Closes the documented per-spawn closure-env leak and most of the async leak,
using only the existing closure.env / closure.fn_ptr field accessors — no compiler
change. Also names the fat-pointer ABI in core.sx (ClosureRaw / SliceRaw) so the
underlying {fn_ptr, env} / {ptr, len} layout is discoverable in one place.
- Fiber body env: Scheduler.reap_fiber frees f.body.env via f.dctx.allocator (the
spawn-time allocator snapshotted in dctx) at all three reap sites (run/poll/
deinit). 1820's 'live after deinit' 3 -> 0.
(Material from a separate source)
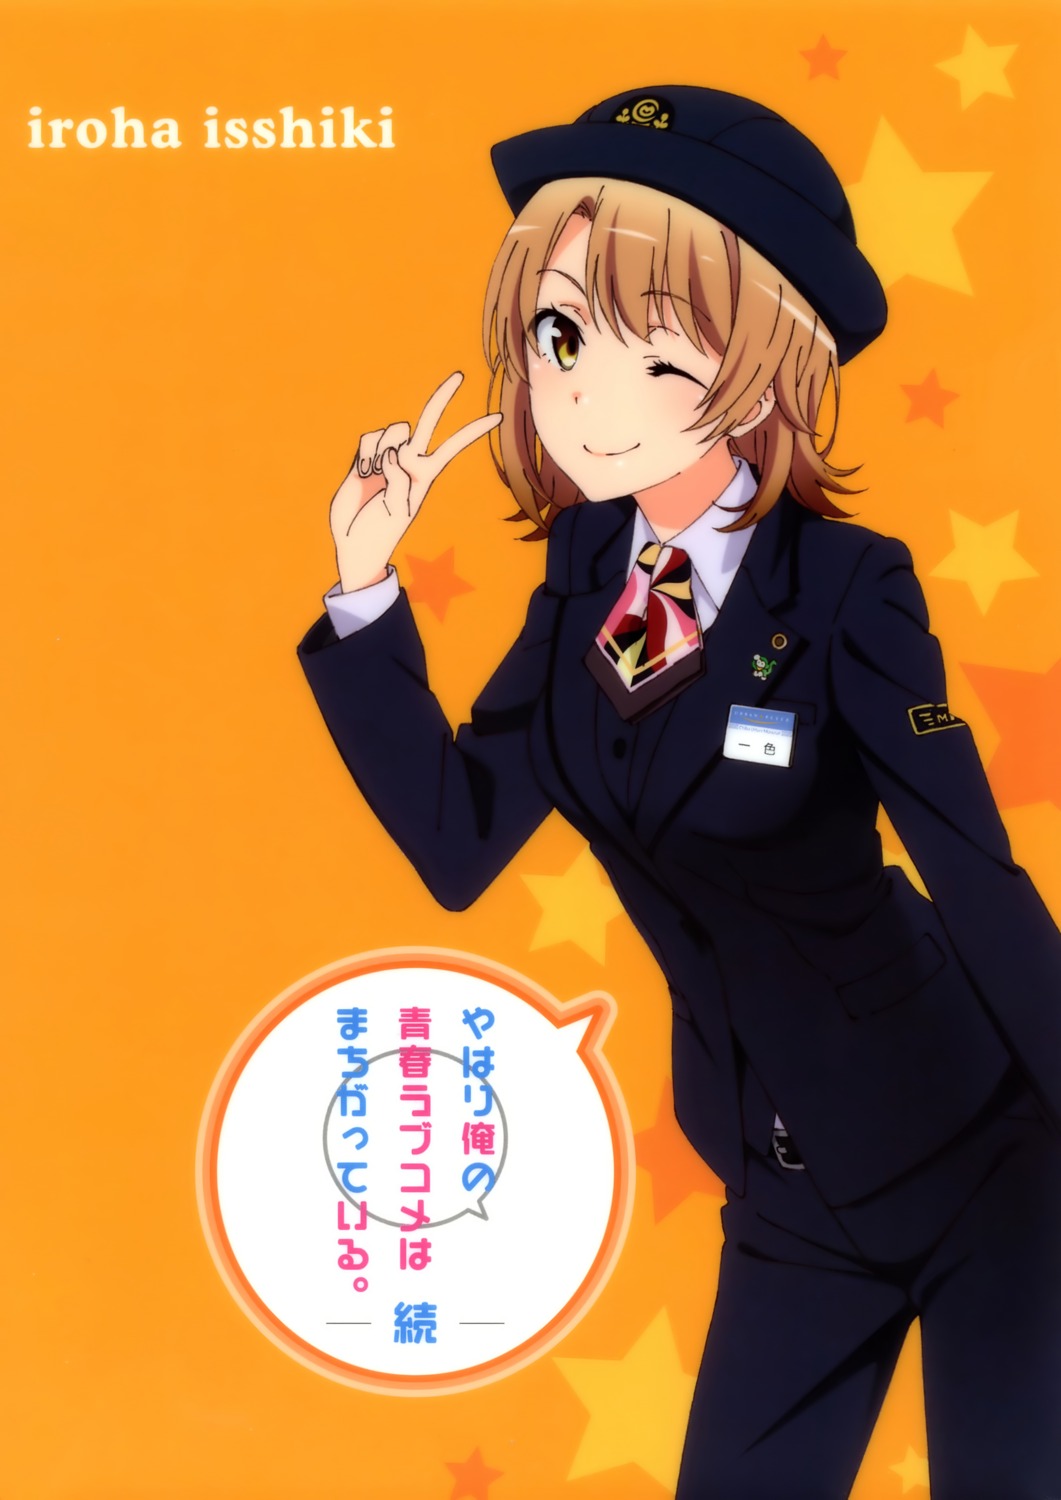 isshiki_iroha tagme uniform yahari_ore_no_seishun_lovecome_wa_machigatteiru.

- Async box + closure envs: sx_run_boxed_closure frees the ThunkBox, the
completion-closure env, and the worker's env (new ThunkBox.worker_env) the
instant the worker completes.
- Async Future: two-flag ownership — Future.worker_done (set at the end of the
completion closure) + consumed (set at the end of await); fut_release frees the
heap Future (via the captured Future.alloc) when BOTH are set, so the LAST of
{worker, await} reclaims it. await now CONSUMES the future (single-use; touching
it afterward is a use-after-free — documented). Residual for an AWAITED future
is 0 (lock: examples/concurrency/1827); a never-awaited future (fire-and-forget /
race loser) keeps only its Future struct — the structured-concurrency remainder.
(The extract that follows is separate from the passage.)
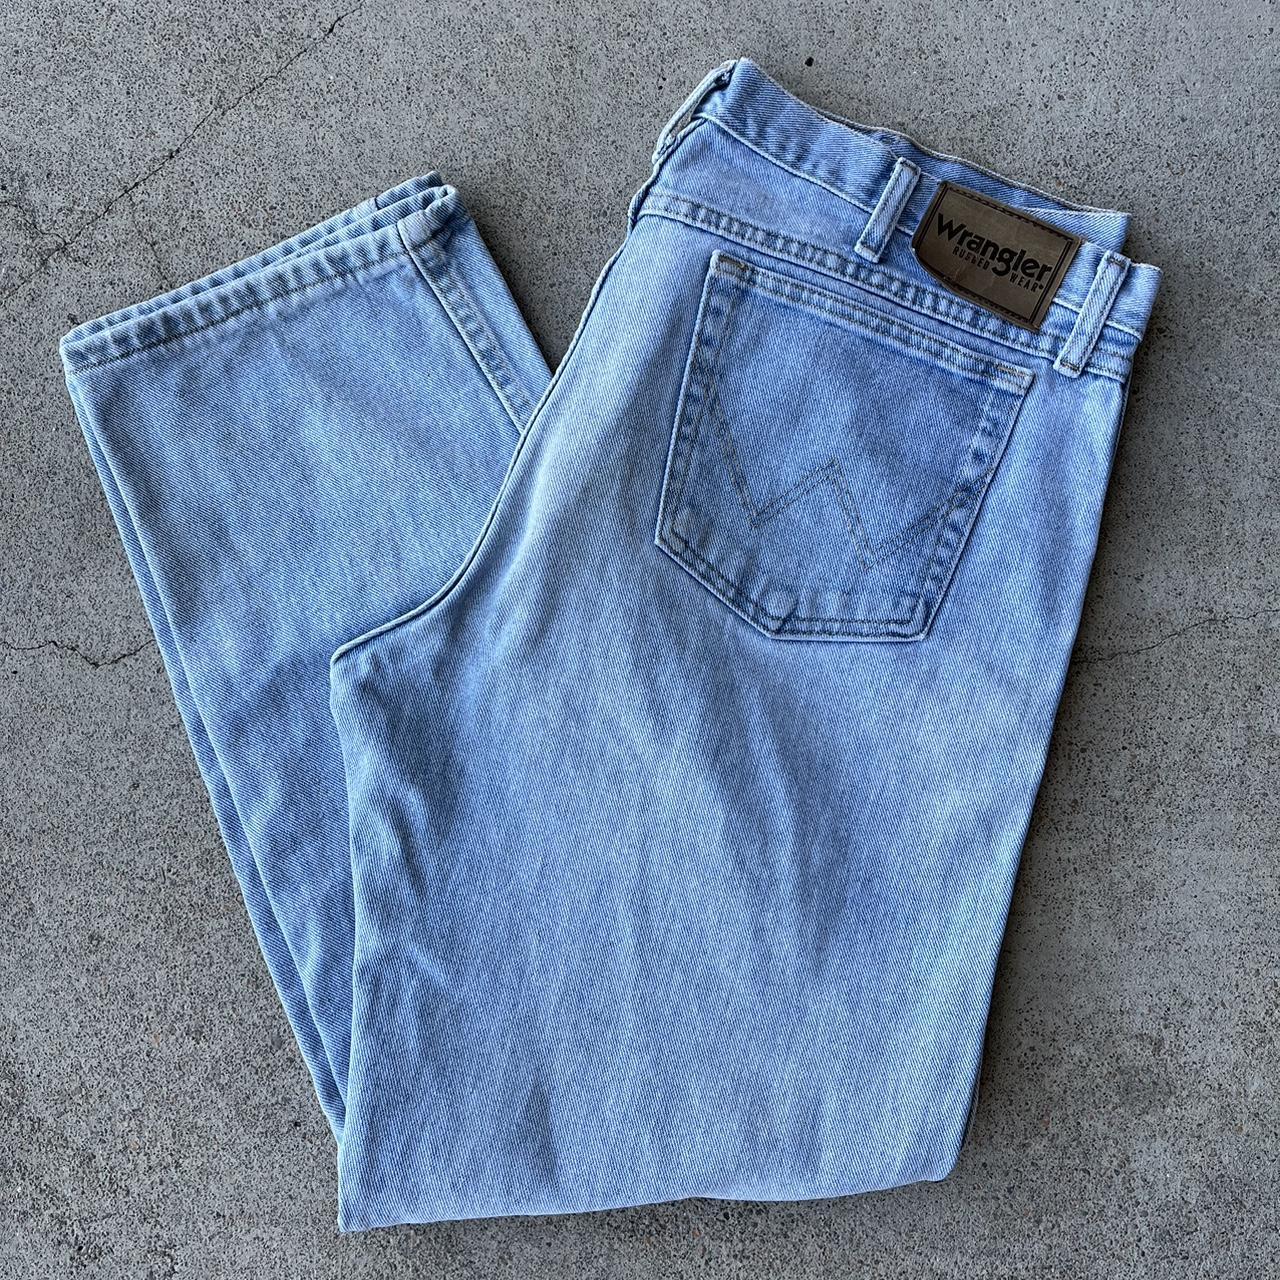 Wrangler Rugged Wear Jeans - light washed - 1... - Depop

Self-reviewed across orderings (await-after/before-complete, cancel-then-await,
cancel-while-parked, double-free via await+deinit, race residual, blocking impl,
cross-allocator reap) — all deterministic, no UAF/double-free. Suite 855/0;
byte-identical on aarch64-macOS + aarch64-linux; .ir churn is the core.sx +
Future/ThunkBox field additions.
20 KiB
PLAN-IO-UNIFY — fold the fiber scheduler behind context.io, re-home race
Why
Today there are two parallel async stacks:
| stack | behind context.io? |
real suspension? | cancellation channel |
|---|---|---|---|
io.sx async/await/cancel/Future |
yes (impl Io for CBlockingIo) |
no — runs the worker inline to completion | suspend_raw -> ! / IoErr.Canceled (designed, unused) |
sched.sx go/wait/cancel/race (just landed) |
no | yes (swap_context fibers) |
none — suspend_self -> void |
context.io is structurally Zig's std.Io (an Io protocol carried implicitly in Context — better
ergonomics than Zig's explicit io: param), and the roadmap (§A5, §4.6) already says the fiber
scheduler should be one of its Io vtables and that race is context.io.race(..) over Futures.
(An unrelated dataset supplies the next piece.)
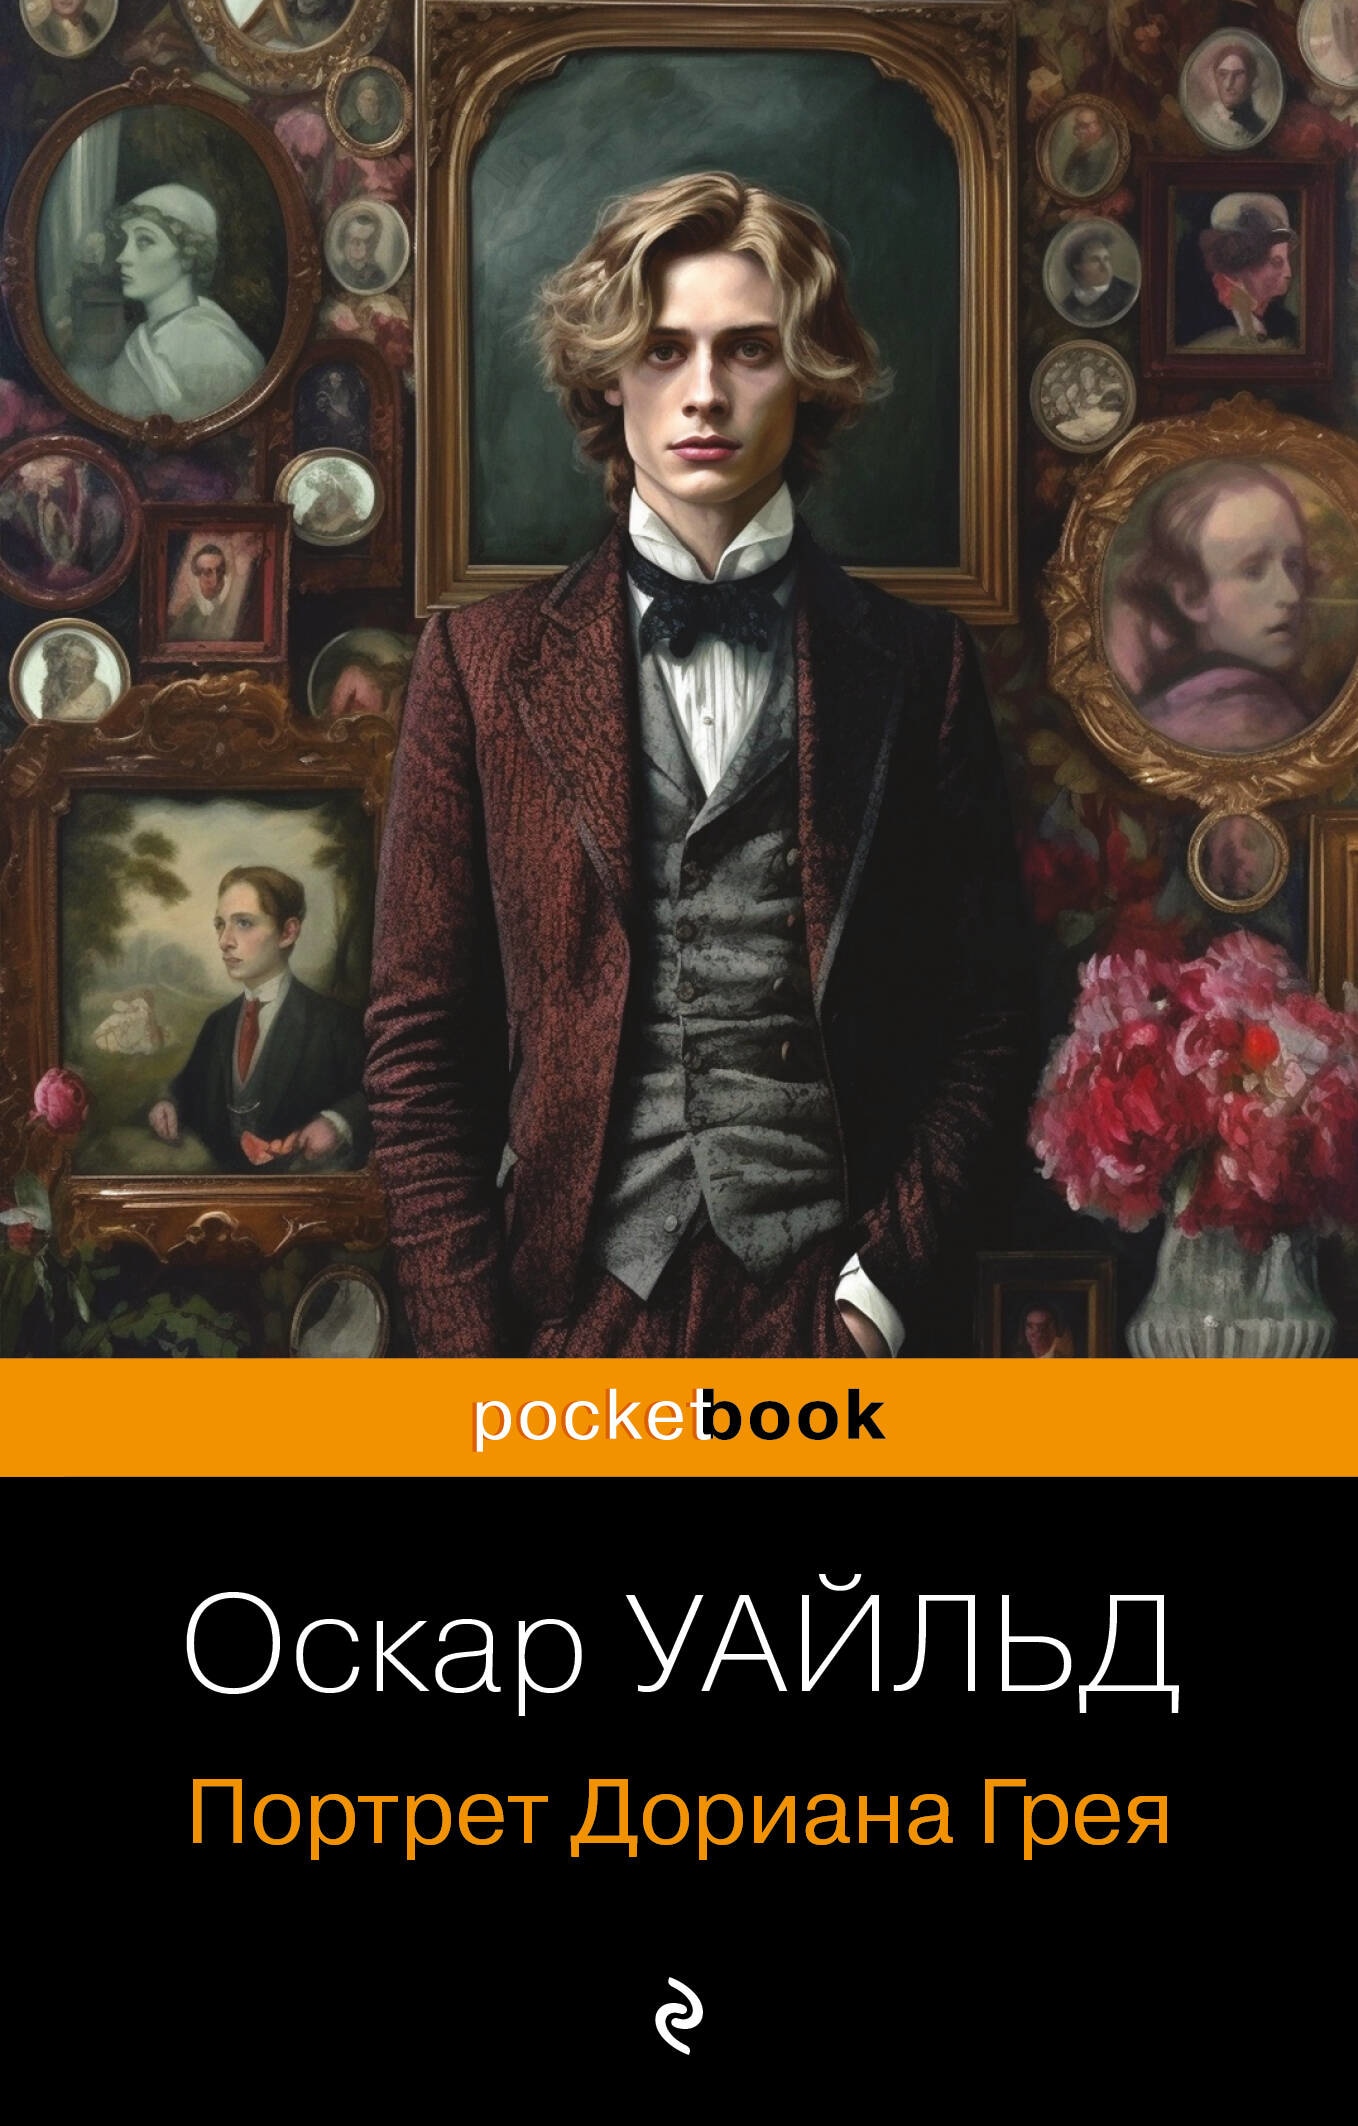 Книга «Портрет Дориана Грея» Оскар Уайльд — 2023 г.

The just-landed race on sched.Scheduler over *Task is the proven LOGIC at the wrong LAYER.
Goal: make the fiber Scheduler an impl Io, lift async/await/cancel/race onto the Io
protocol so they run colorblind under either impl, and let cancellation fall out of the existing
suspend_raw -> ! contract (the "true cancellation, model A" the user picked — already the interface's
design). One async stack, behind context.io.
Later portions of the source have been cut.